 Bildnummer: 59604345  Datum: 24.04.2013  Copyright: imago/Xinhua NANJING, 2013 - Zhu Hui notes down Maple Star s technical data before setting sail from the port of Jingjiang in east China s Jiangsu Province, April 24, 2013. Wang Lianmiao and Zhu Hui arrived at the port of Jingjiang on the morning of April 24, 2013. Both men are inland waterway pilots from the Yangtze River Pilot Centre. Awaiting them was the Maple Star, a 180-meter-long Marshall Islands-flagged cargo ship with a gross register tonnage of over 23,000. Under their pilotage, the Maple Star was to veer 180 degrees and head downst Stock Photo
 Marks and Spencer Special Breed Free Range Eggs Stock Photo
################
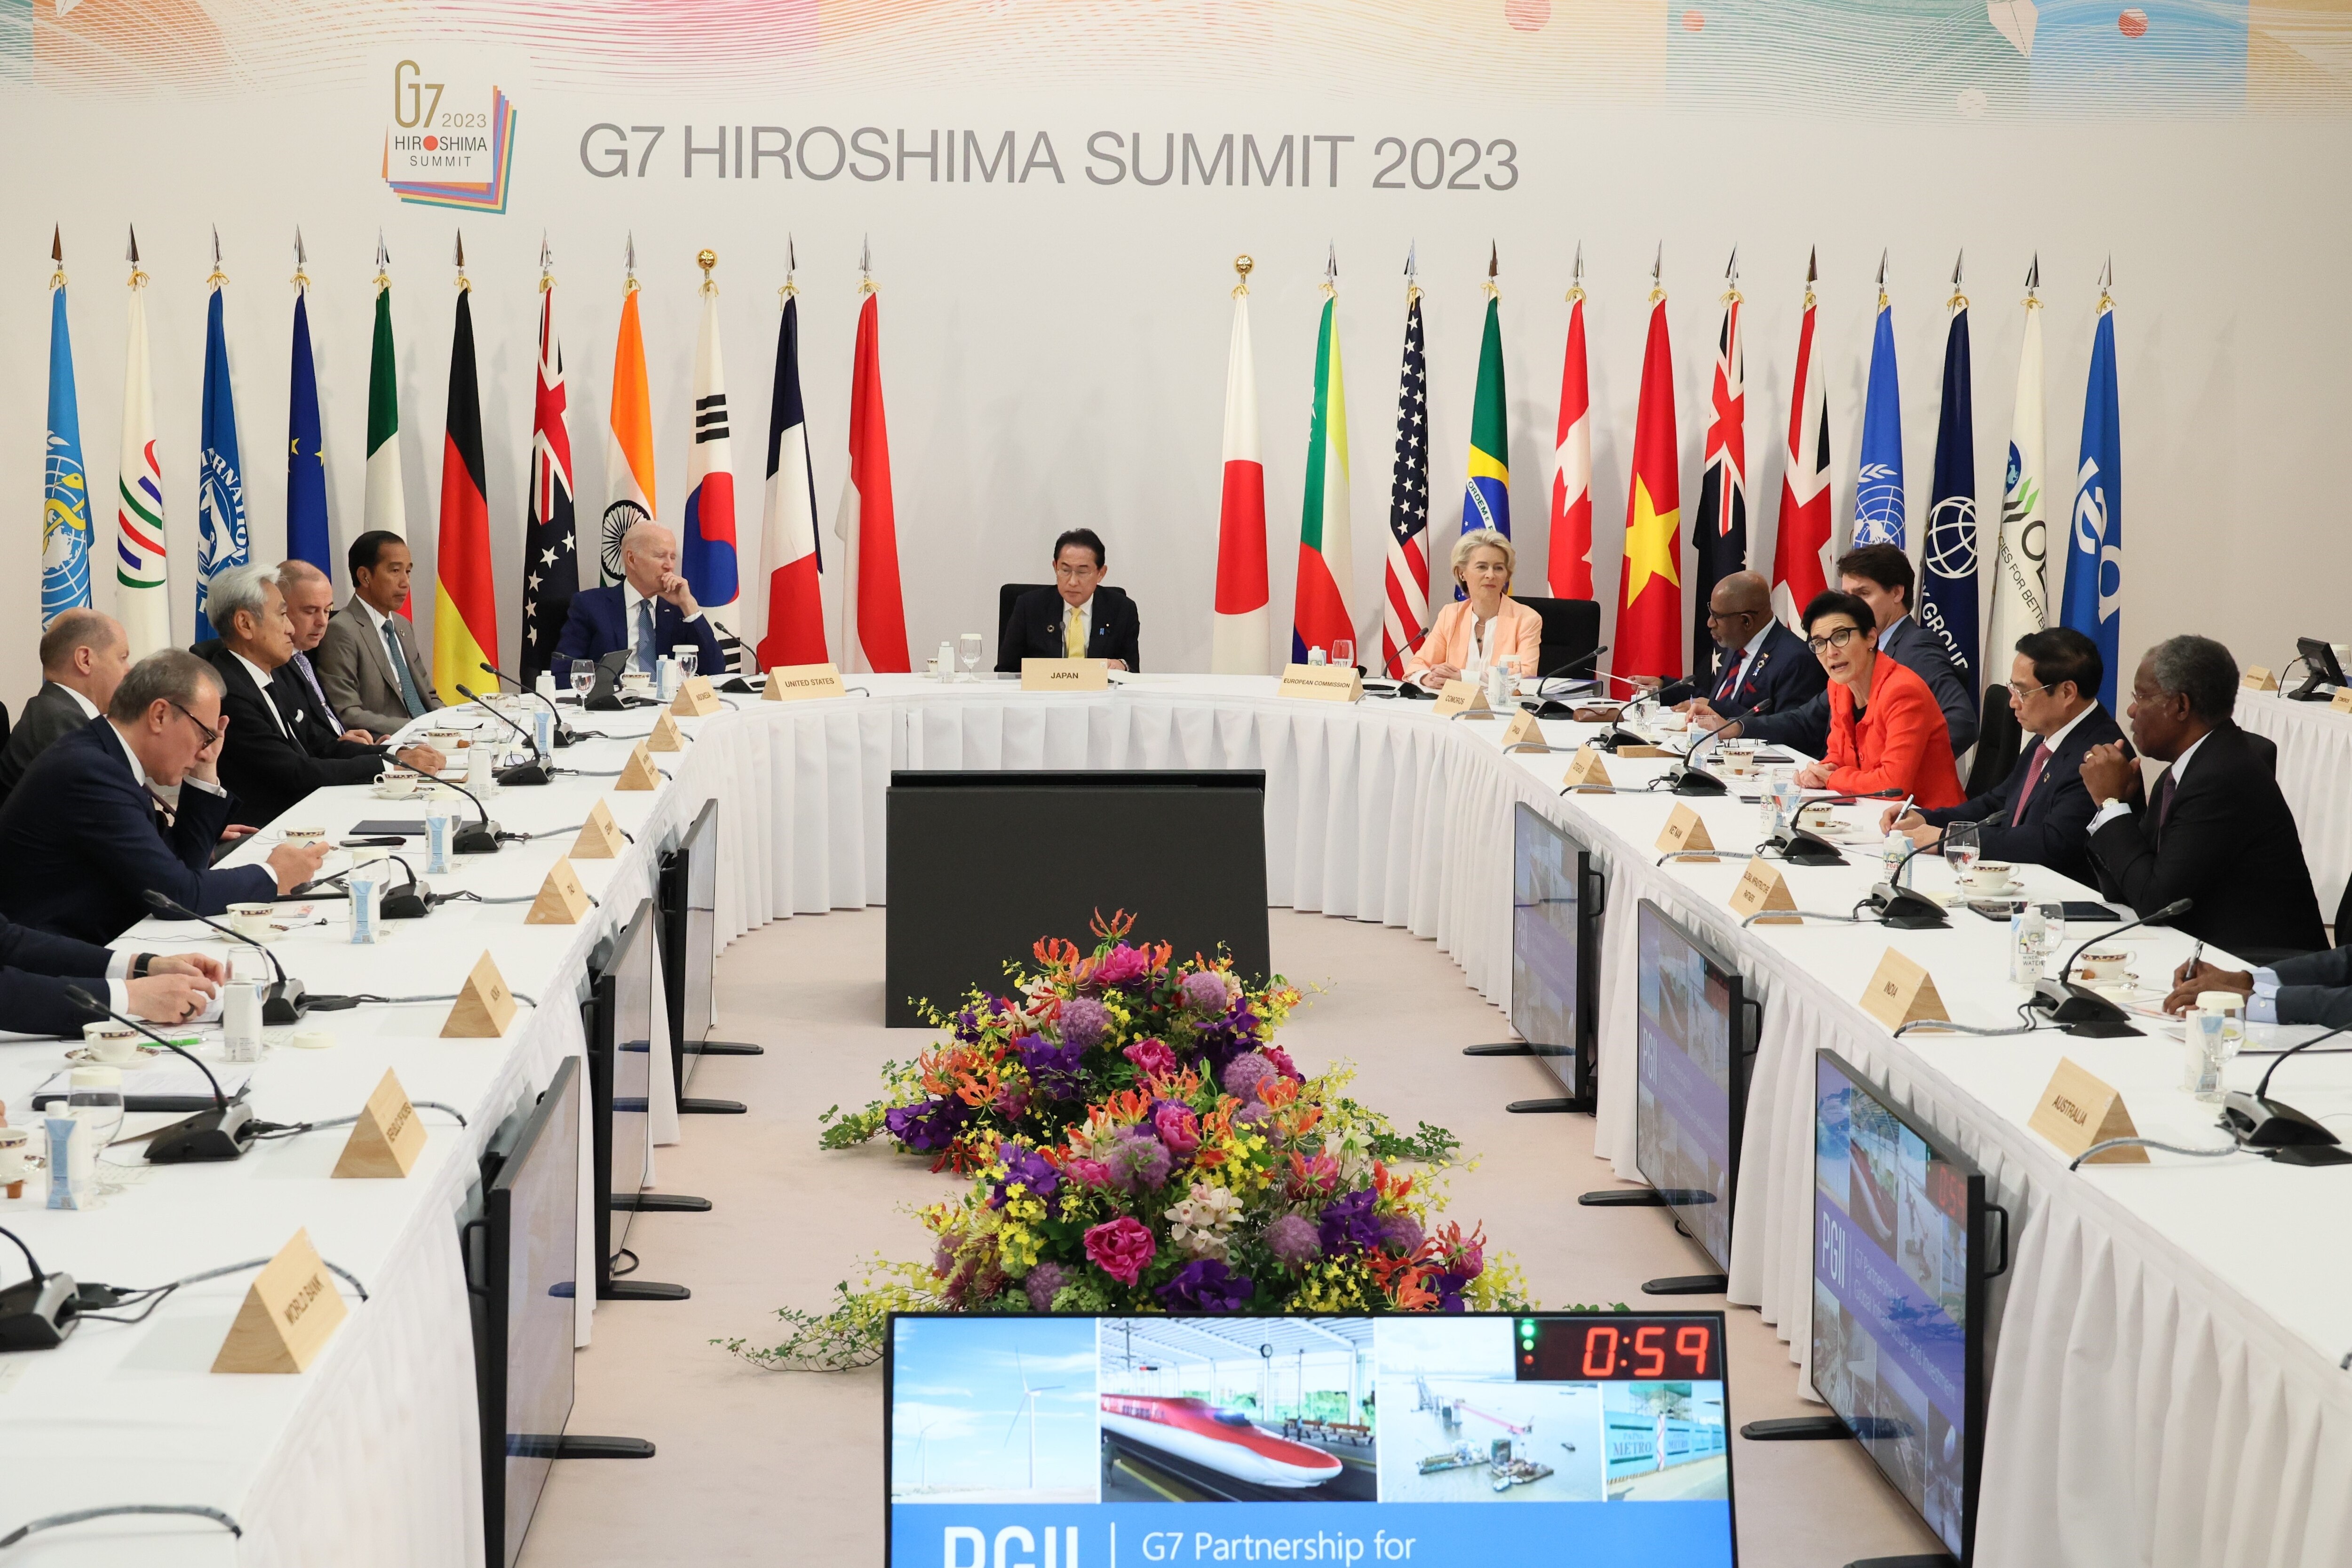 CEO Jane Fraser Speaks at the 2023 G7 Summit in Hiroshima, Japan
################
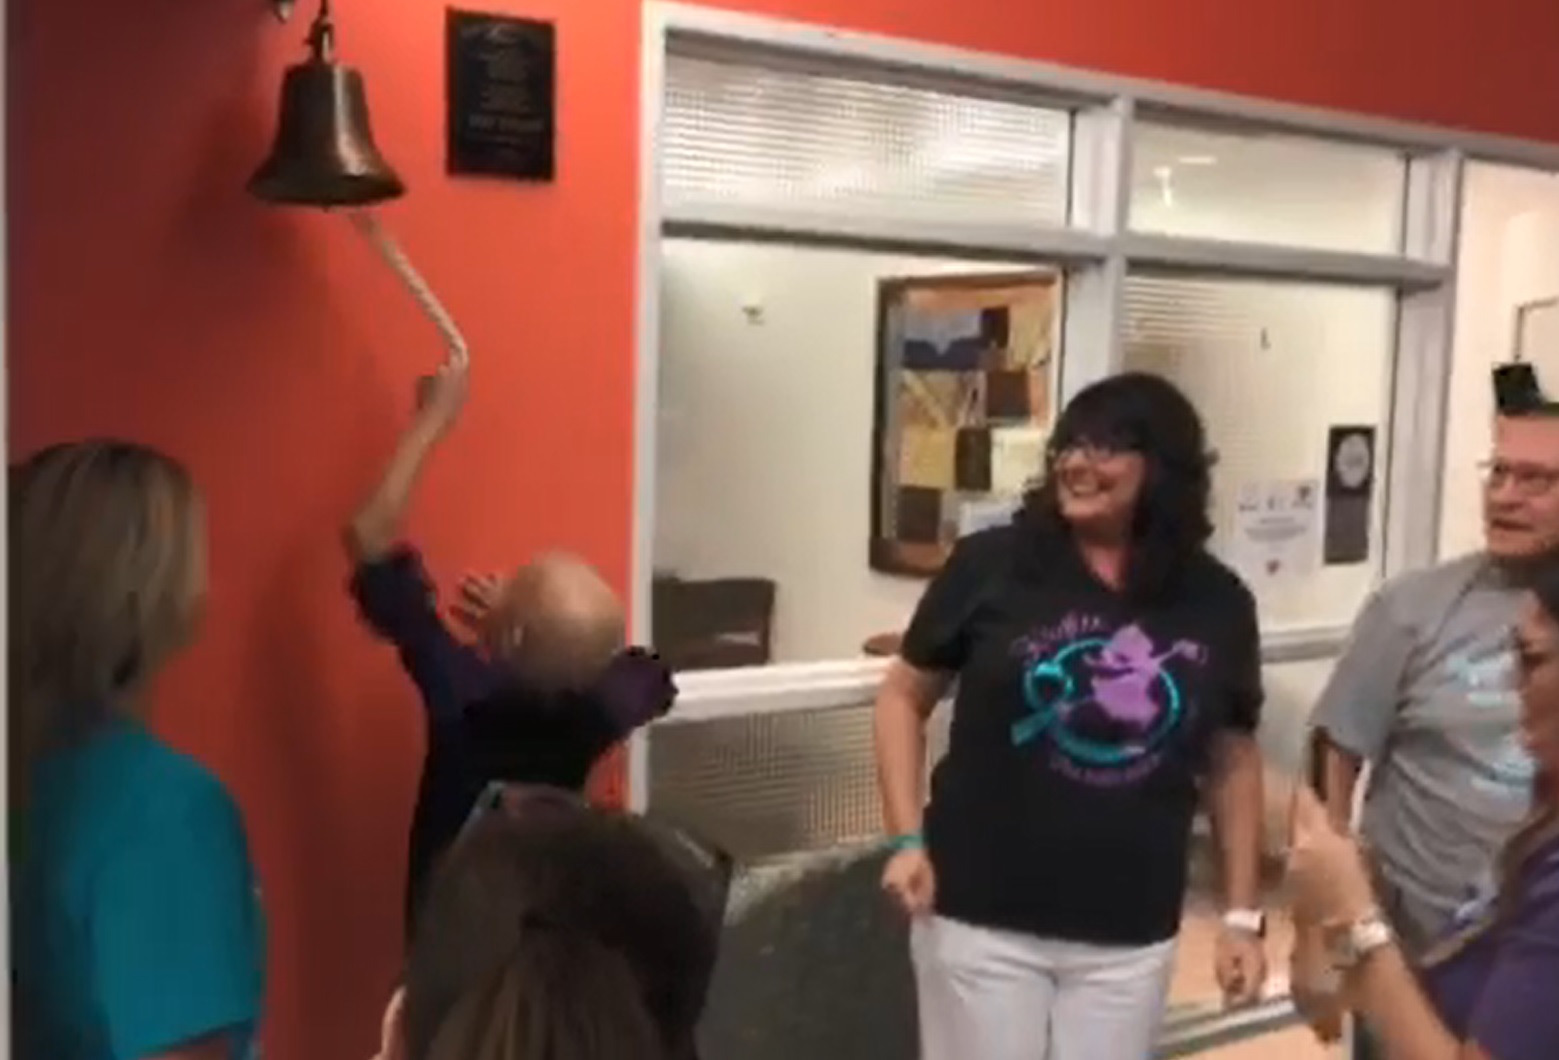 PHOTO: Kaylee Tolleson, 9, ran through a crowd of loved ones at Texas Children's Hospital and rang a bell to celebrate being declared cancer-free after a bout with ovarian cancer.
################
# What is being asked
Look back at the data above. Transcribe exactly the lines starting at the line that contains "downst Stock Photo" and ending at the line that contains "Marks and Spencer".

# Exercise response
 Bildnummer: 59604345  Datum: 24.04.2013  Copyright: imago/Xinhua NANJING, 2013 - Zhu Hui notes down Maple Star s technical data before setting sail from the port of Jingjiang in east China s Jiangsu Province, April 24, 2013. Wang Lianmiao and Zhu Hui arrived at the port of Jingjiang on the morning of April 24, 2013. Both men are inland waterway pilots from the Yangtze River Pilot Centre. Awaiting them was the Maple Star, a 180-meter-long Marshall Islands-flagged cargo ship with a gross register tonnage of over 23,000. Under their pilotage, the Maple Star was to veer 180 degrees and head downst Stock Photo
 Marks and Spencer Special Breed Free Range Eggs Stock Photo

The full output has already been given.